What is needed:
Give a verbatim copy of the data, leaving the pictures out.

Recorded information:

=======

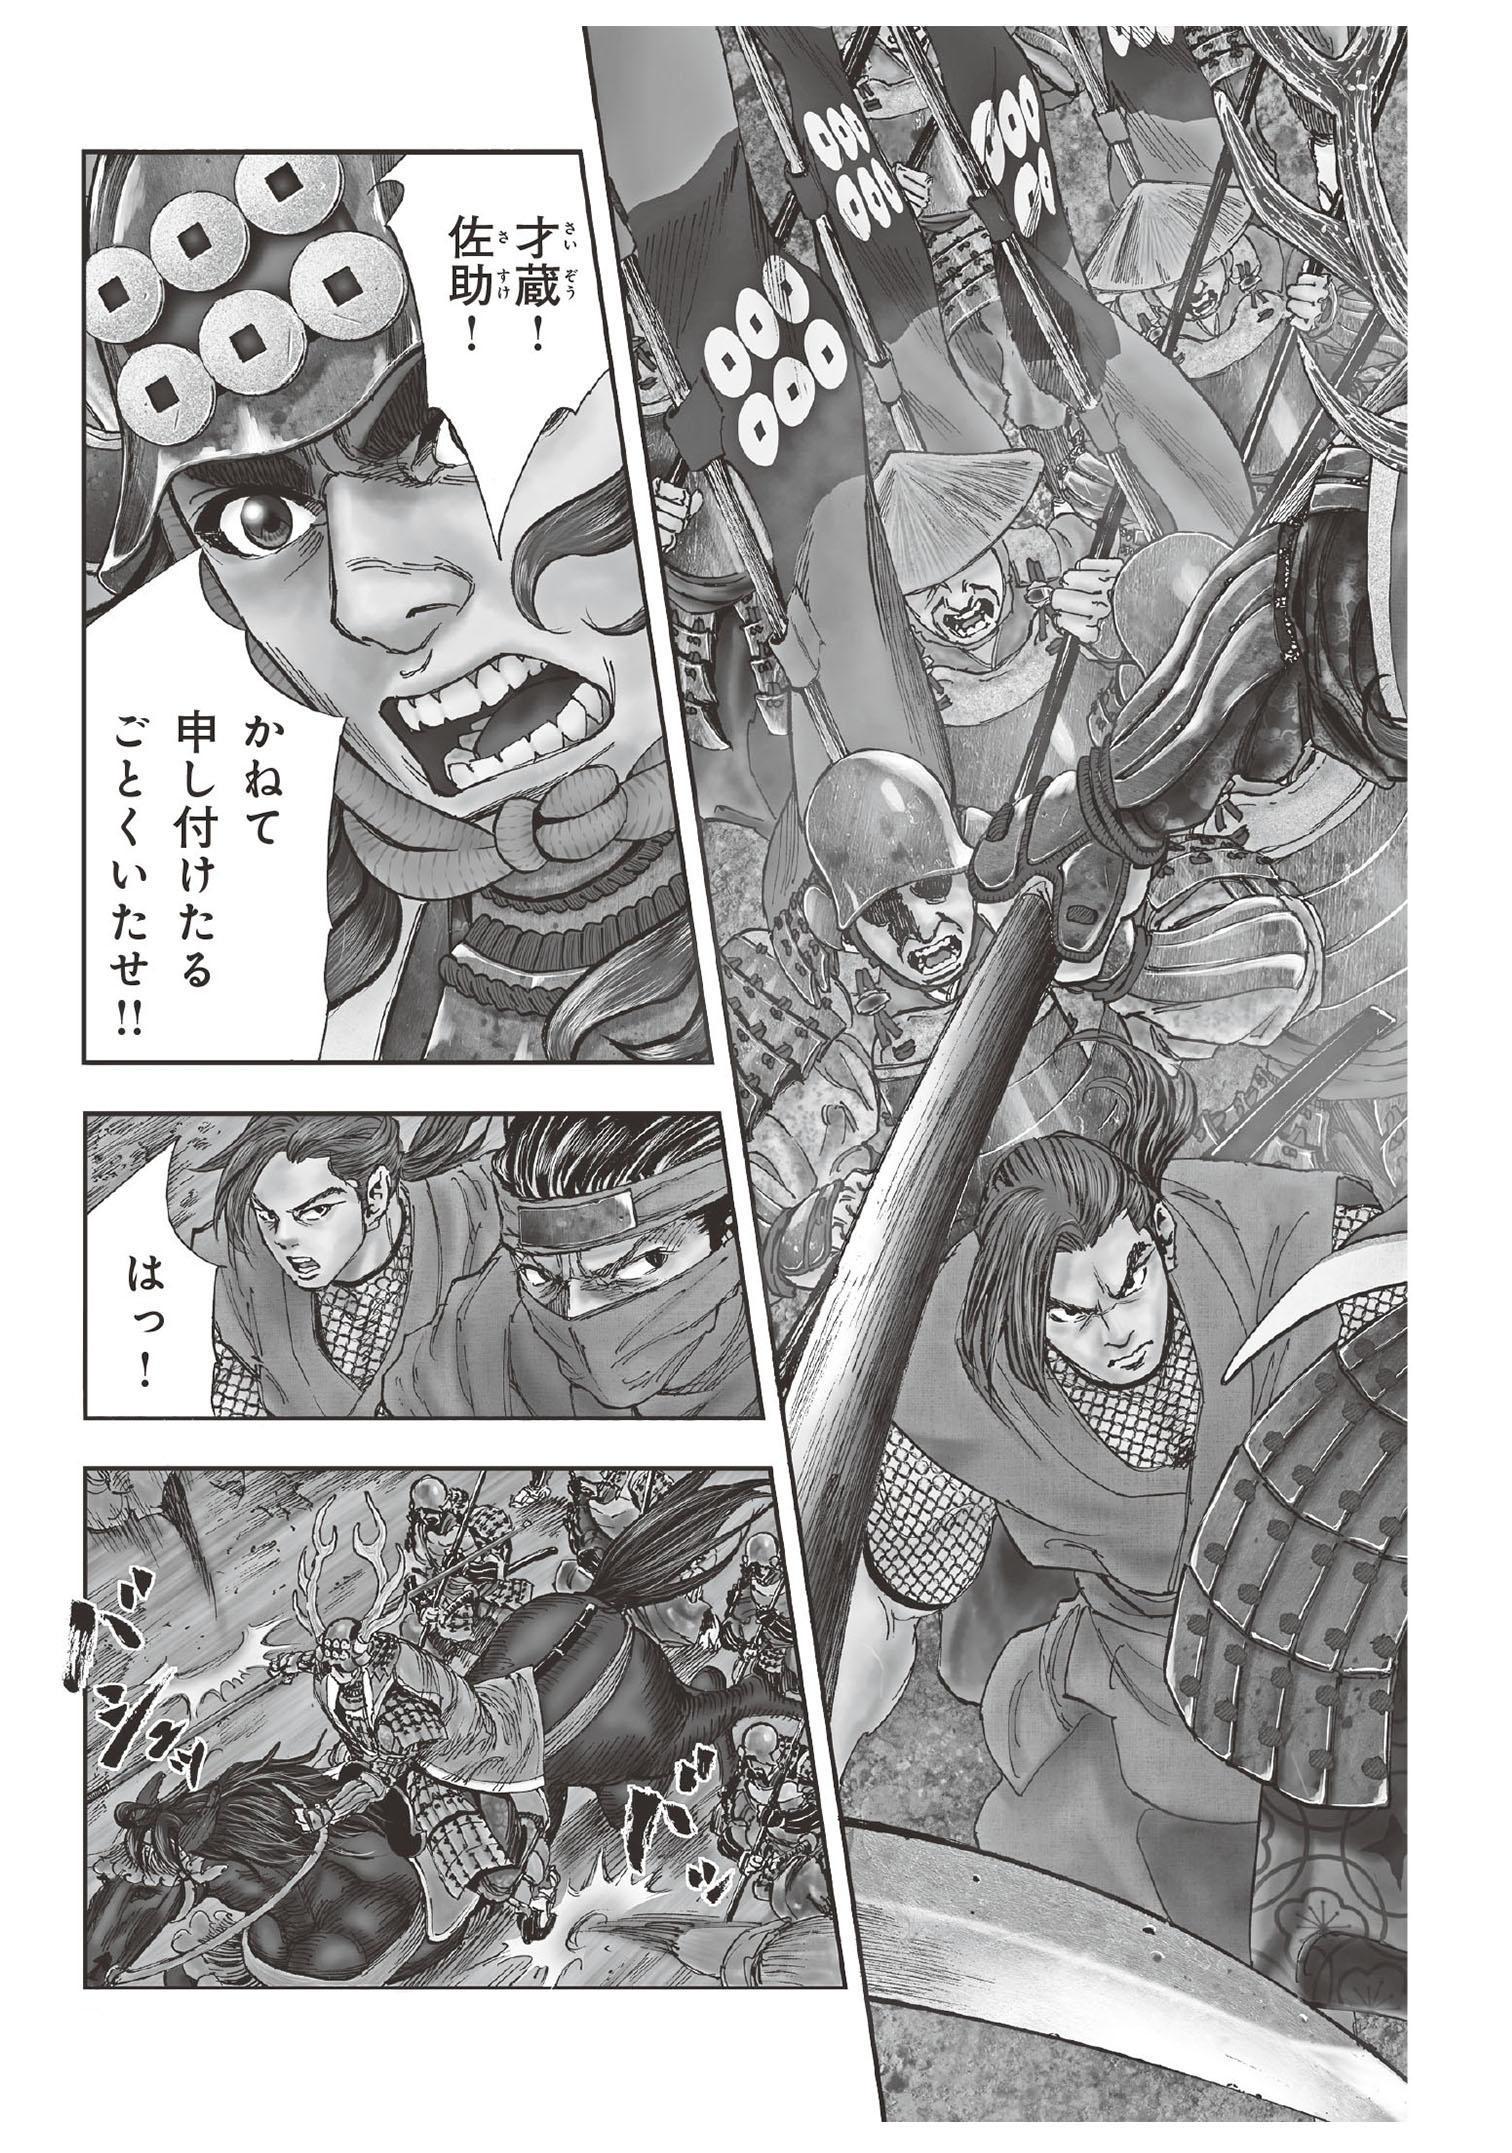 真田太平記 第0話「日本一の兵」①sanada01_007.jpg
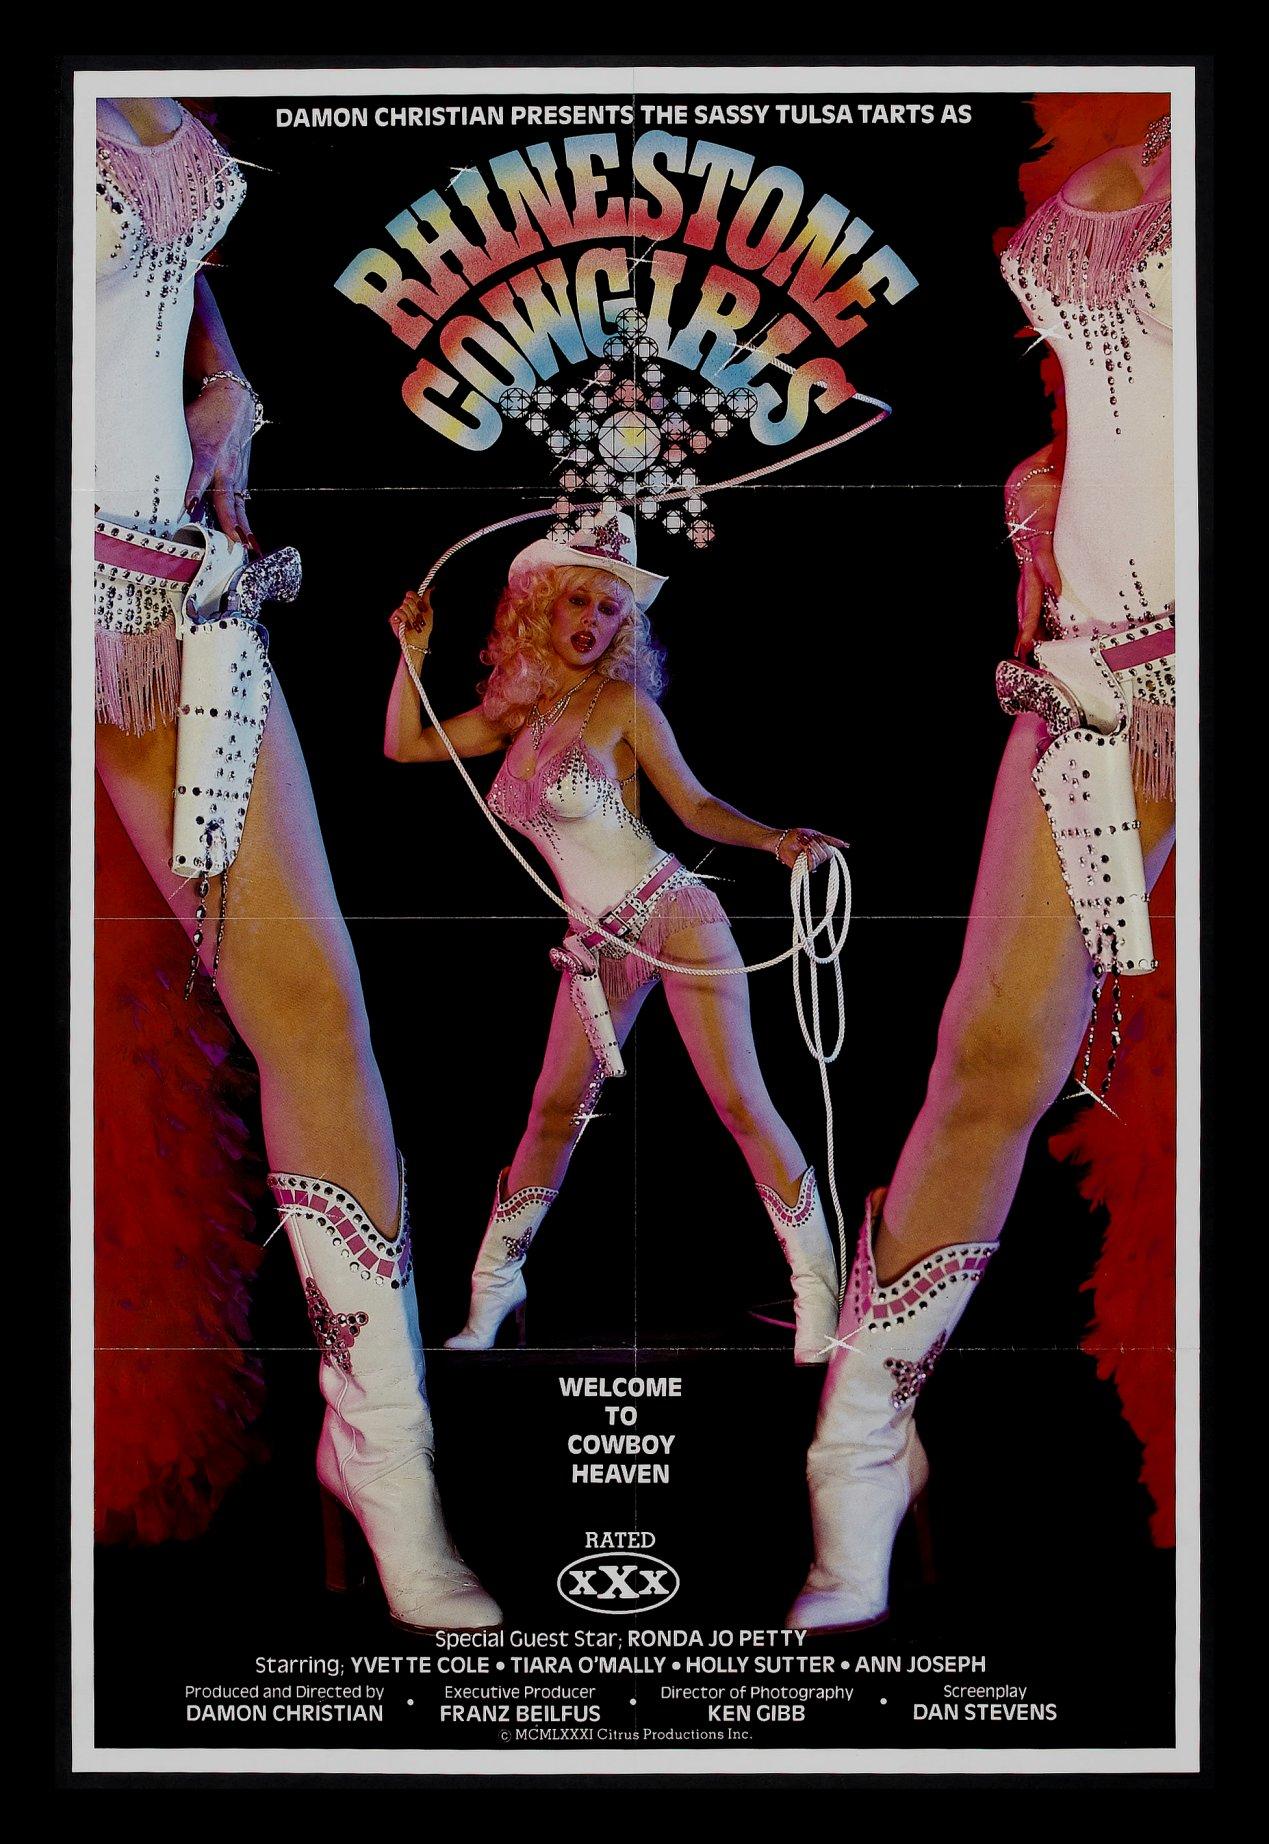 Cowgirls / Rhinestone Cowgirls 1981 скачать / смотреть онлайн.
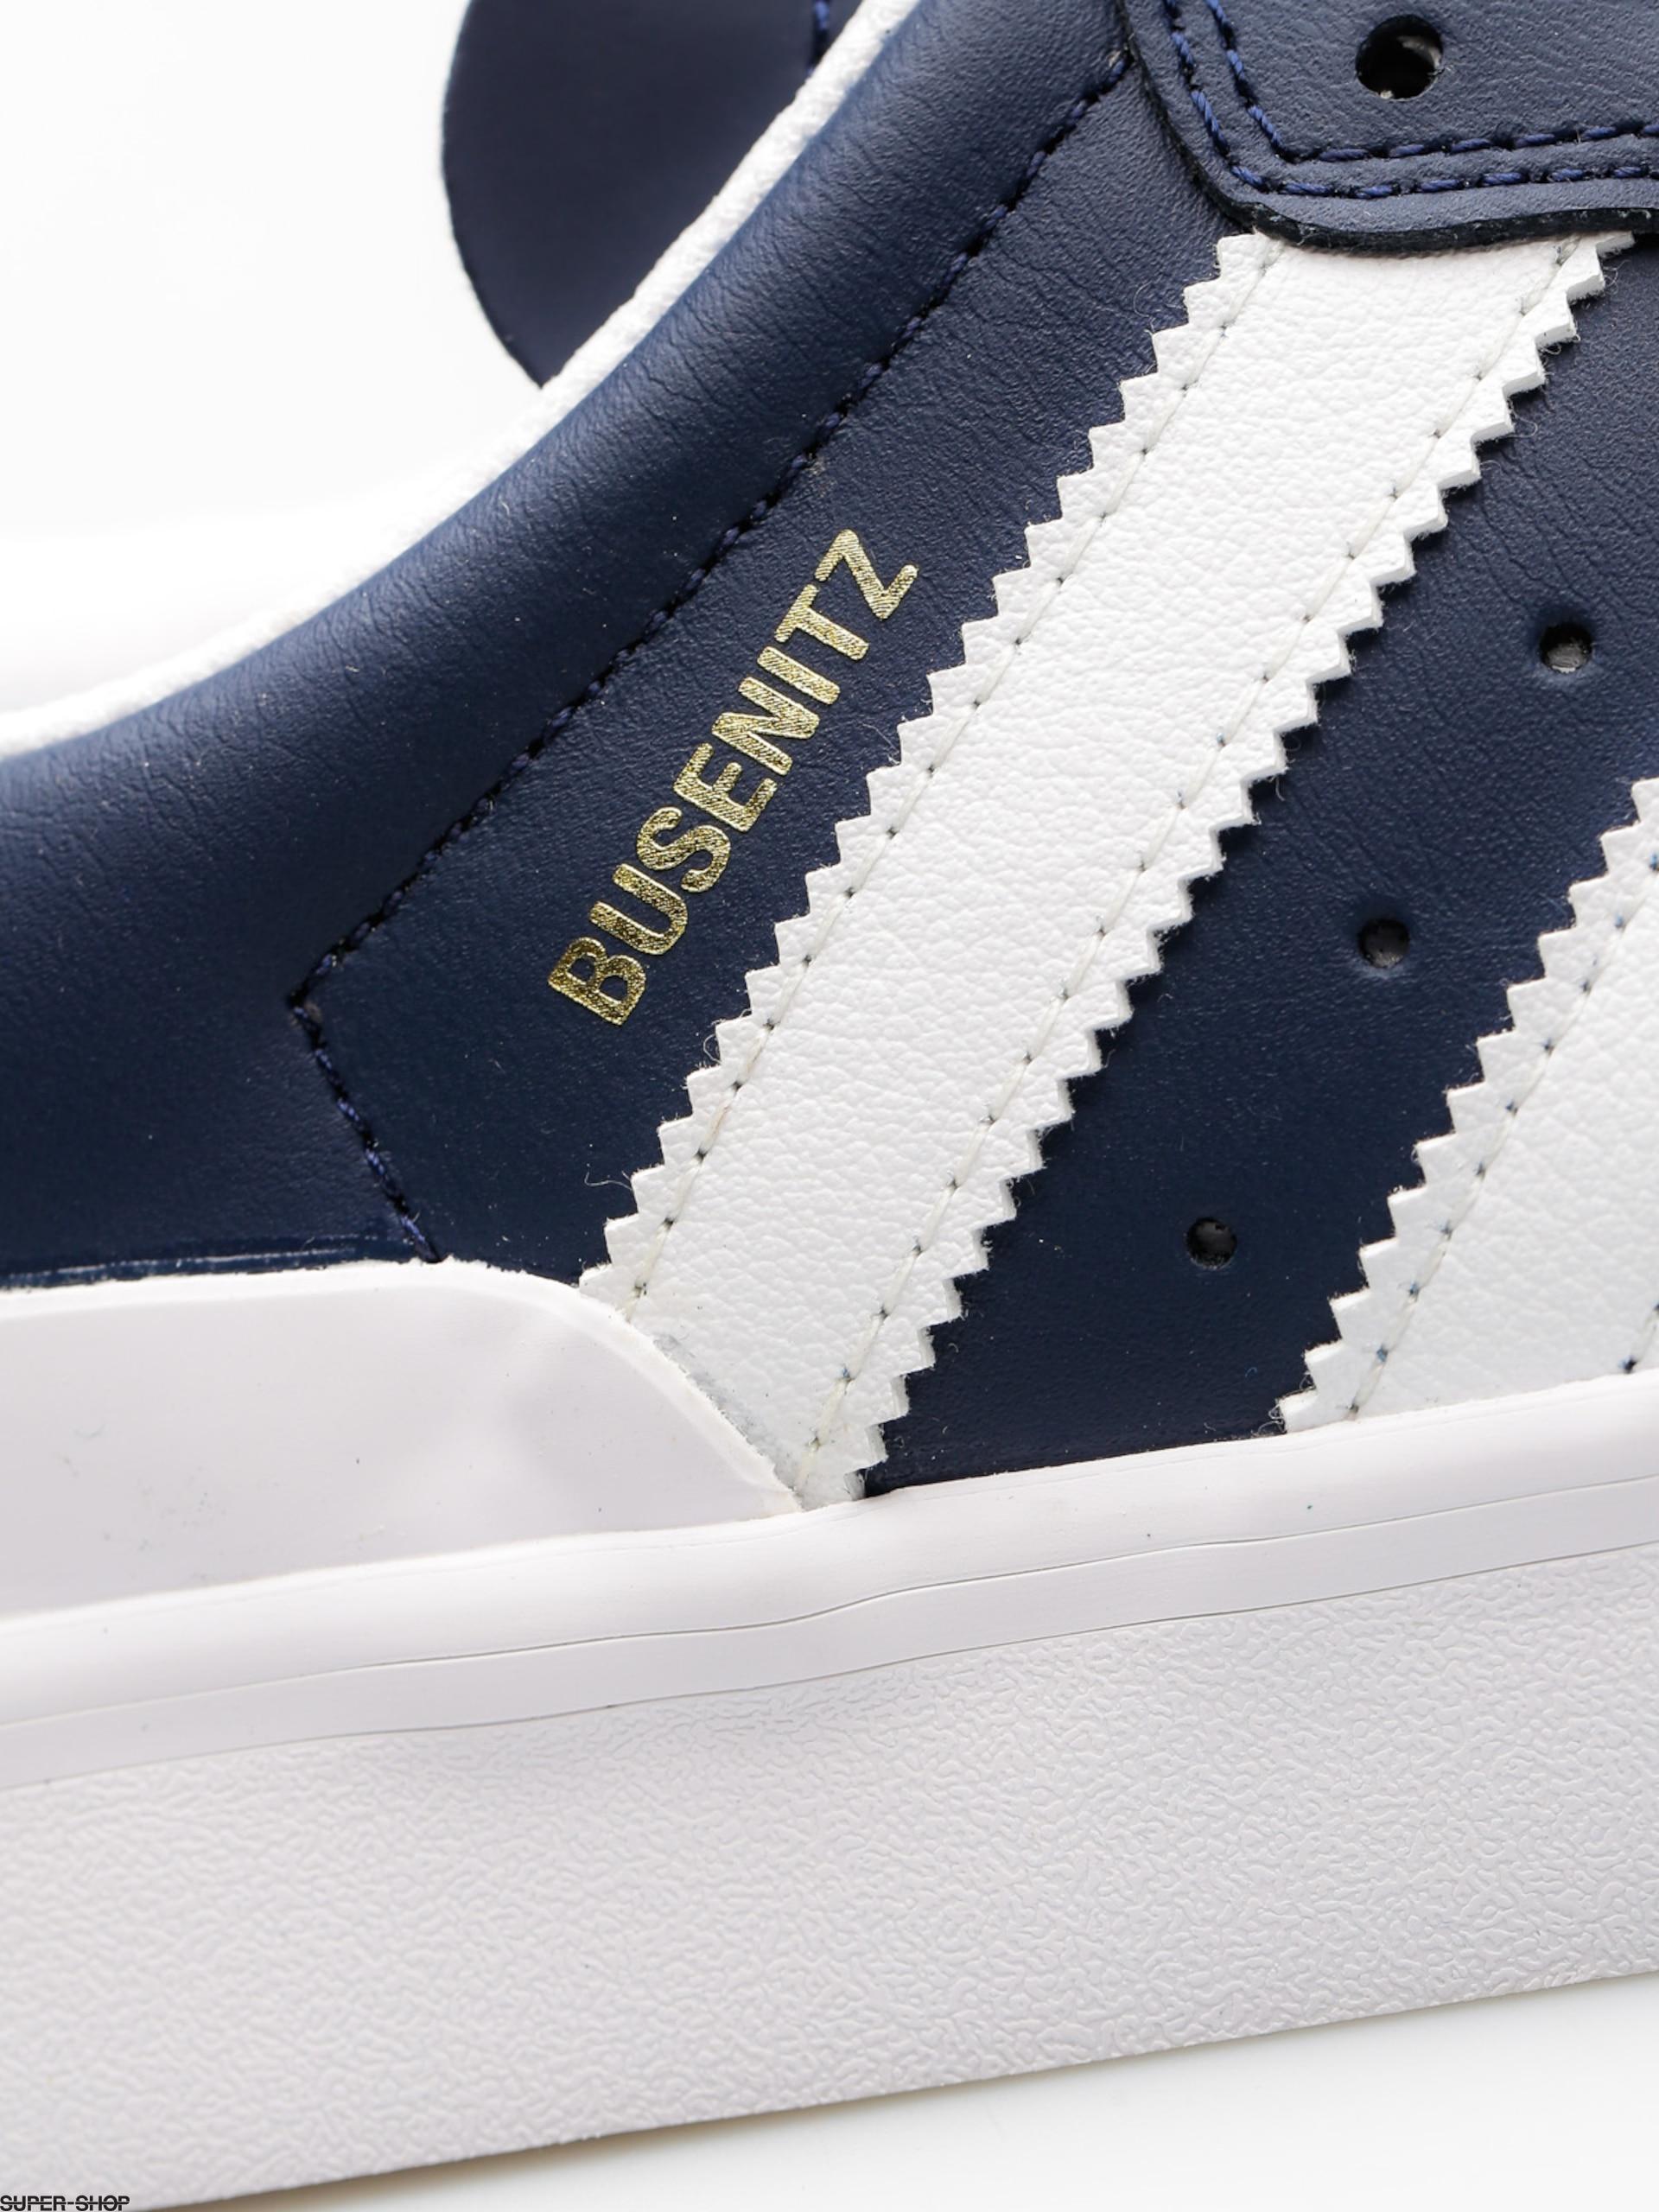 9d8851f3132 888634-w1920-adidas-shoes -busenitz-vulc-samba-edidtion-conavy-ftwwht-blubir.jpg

=======

Written solution:
 真田太平記 第0話「日本一の兵」①sanada01_007.jpg
 Cowgirls / Rhinestone Cowgirls 1981 скачать / смотреть онлайн.
 9d8851f3132 888634-w1920-adidas-shoes -busenitz-vulc-samba-edidtion-conavy-ftwwht-blubir.jpg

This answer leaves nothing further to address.